Work through the data below and copy out every line where "that" is found.

Records supplied:
-------

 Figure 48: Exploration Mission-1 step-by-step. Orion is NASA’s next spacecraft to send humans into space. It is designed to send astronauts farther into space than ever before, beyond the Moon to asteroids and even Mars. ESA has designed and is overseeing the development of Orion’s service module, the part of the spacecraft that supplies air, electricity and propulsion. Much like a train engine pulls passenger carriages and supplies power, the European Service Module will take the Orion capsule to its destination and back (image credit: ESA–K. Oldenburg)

-------

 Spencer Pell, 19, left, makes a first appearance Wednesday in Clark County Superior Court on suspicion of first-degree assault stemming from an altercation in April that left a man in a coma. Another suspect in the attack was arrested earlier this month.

-------

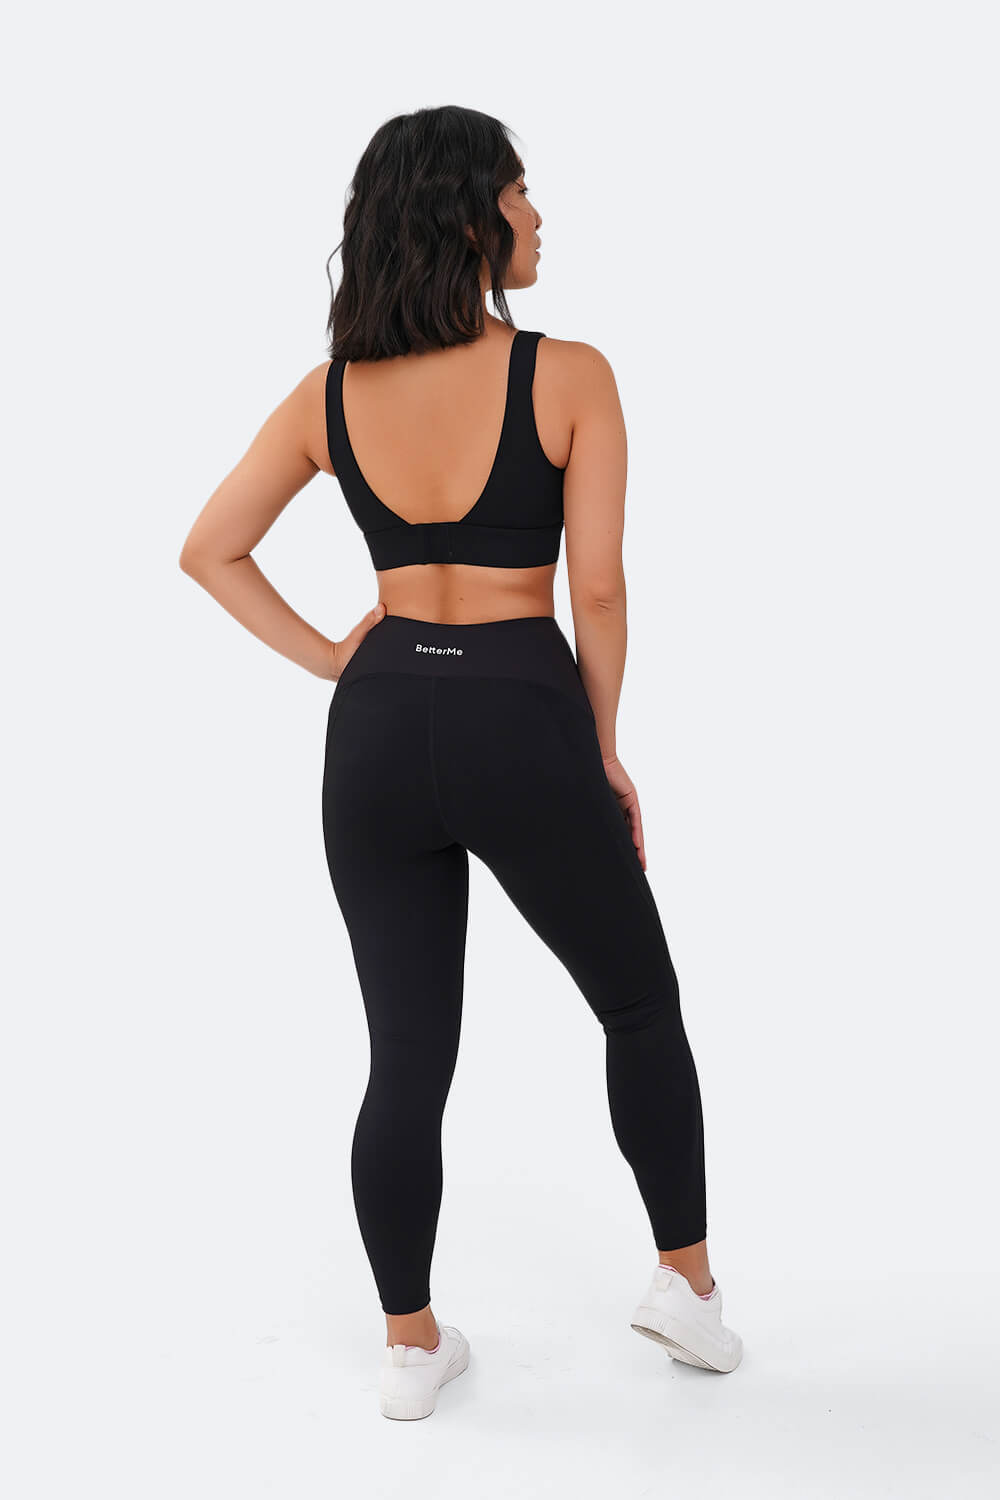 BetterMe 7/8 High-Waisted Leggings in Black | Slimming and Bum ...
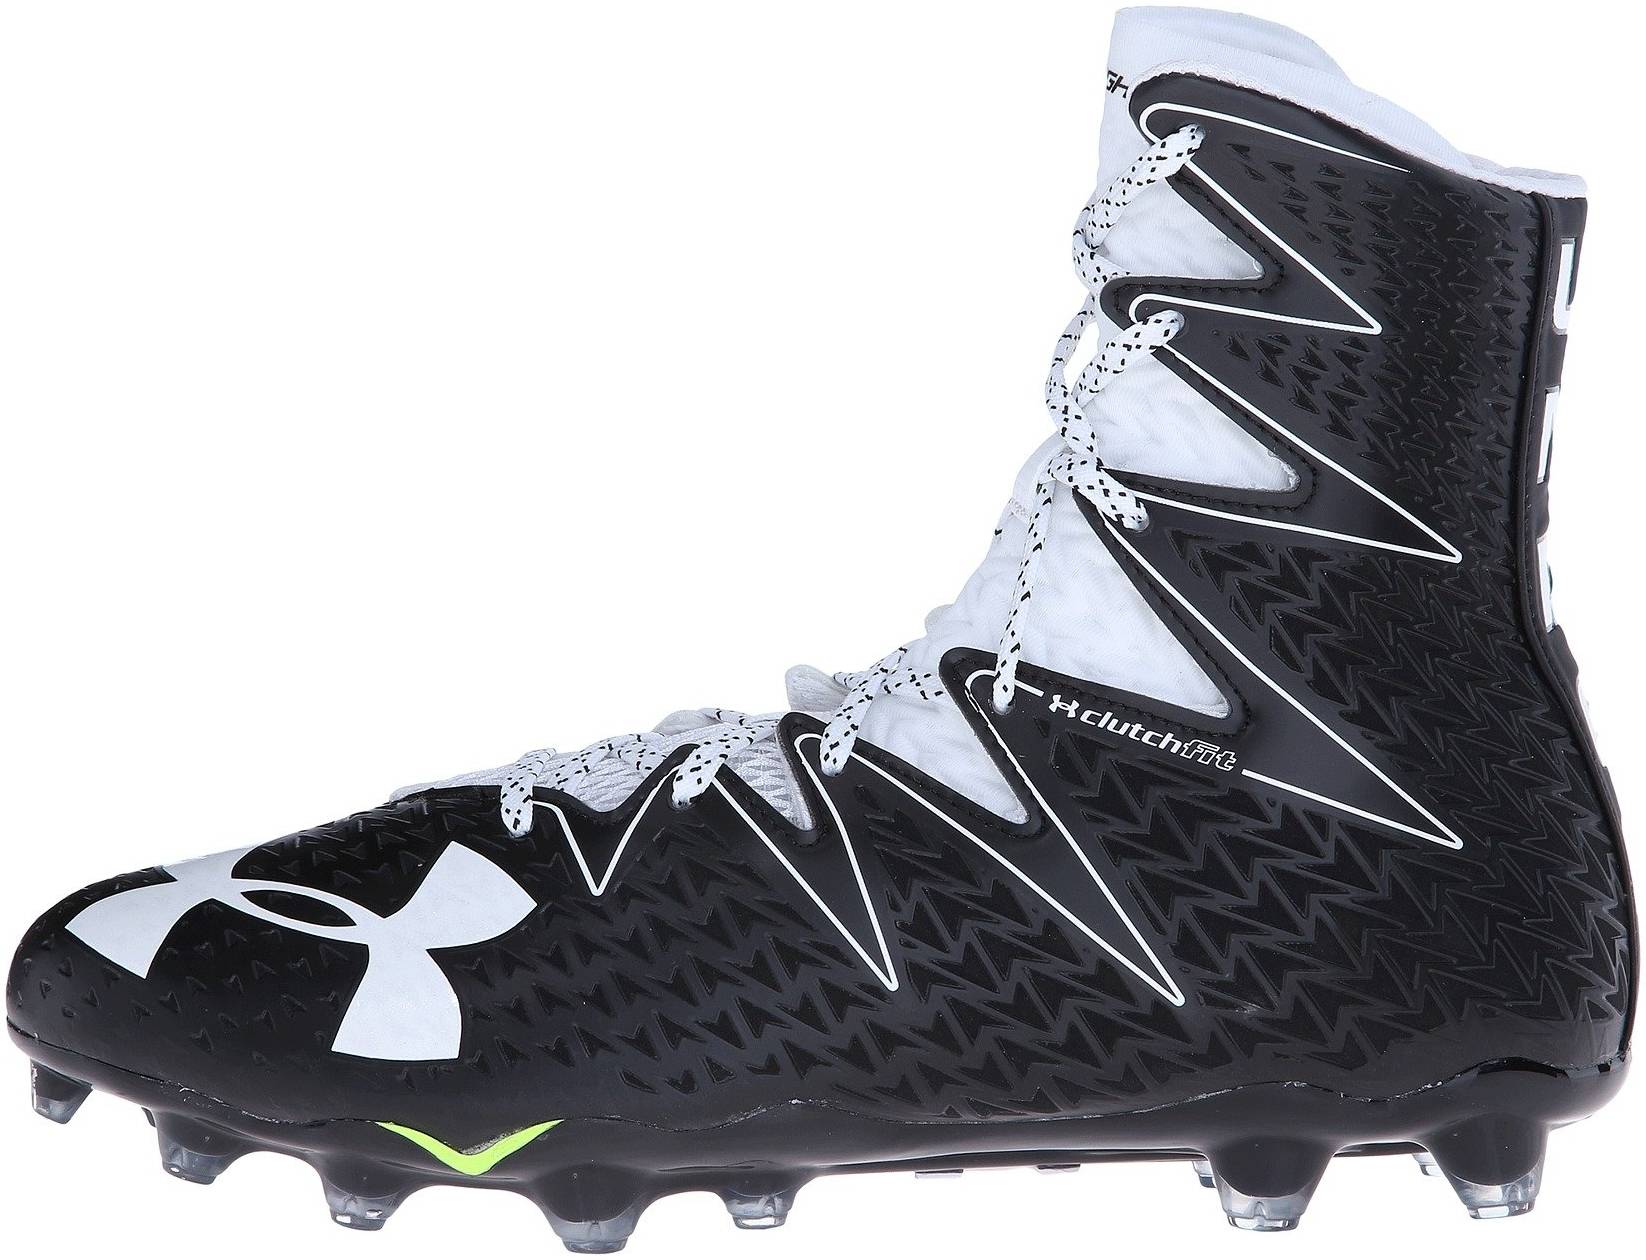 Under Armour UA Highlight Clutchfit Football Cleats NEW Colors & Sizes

-------

Finished task:
 Figure 48: Exploration Mission-1 step-by-step. Orion is NASA’s next spacecraft to send humans into space. It is designed to send astronauts farther into space than ever before, beyond the Moon to asteroids and even Mars. ESA has designed and is overseeing the development of Orion’s service module, the part of the spacecraft that supplies air, electricity and propulsion. Much like a train engine pulls passenger carriages and supplies power, the European Service Module will take the Orion capsule to its destination and back (image credit: ESA–K. Oldenburg)
 Spencer Pell, 19, left, makes a first appearance Wednesday in Clark County Superior Court on suspicion of first-degree assault stemming from an altercation in April that left a man in a coma. Another suspect in the attack was arrested earlier this month.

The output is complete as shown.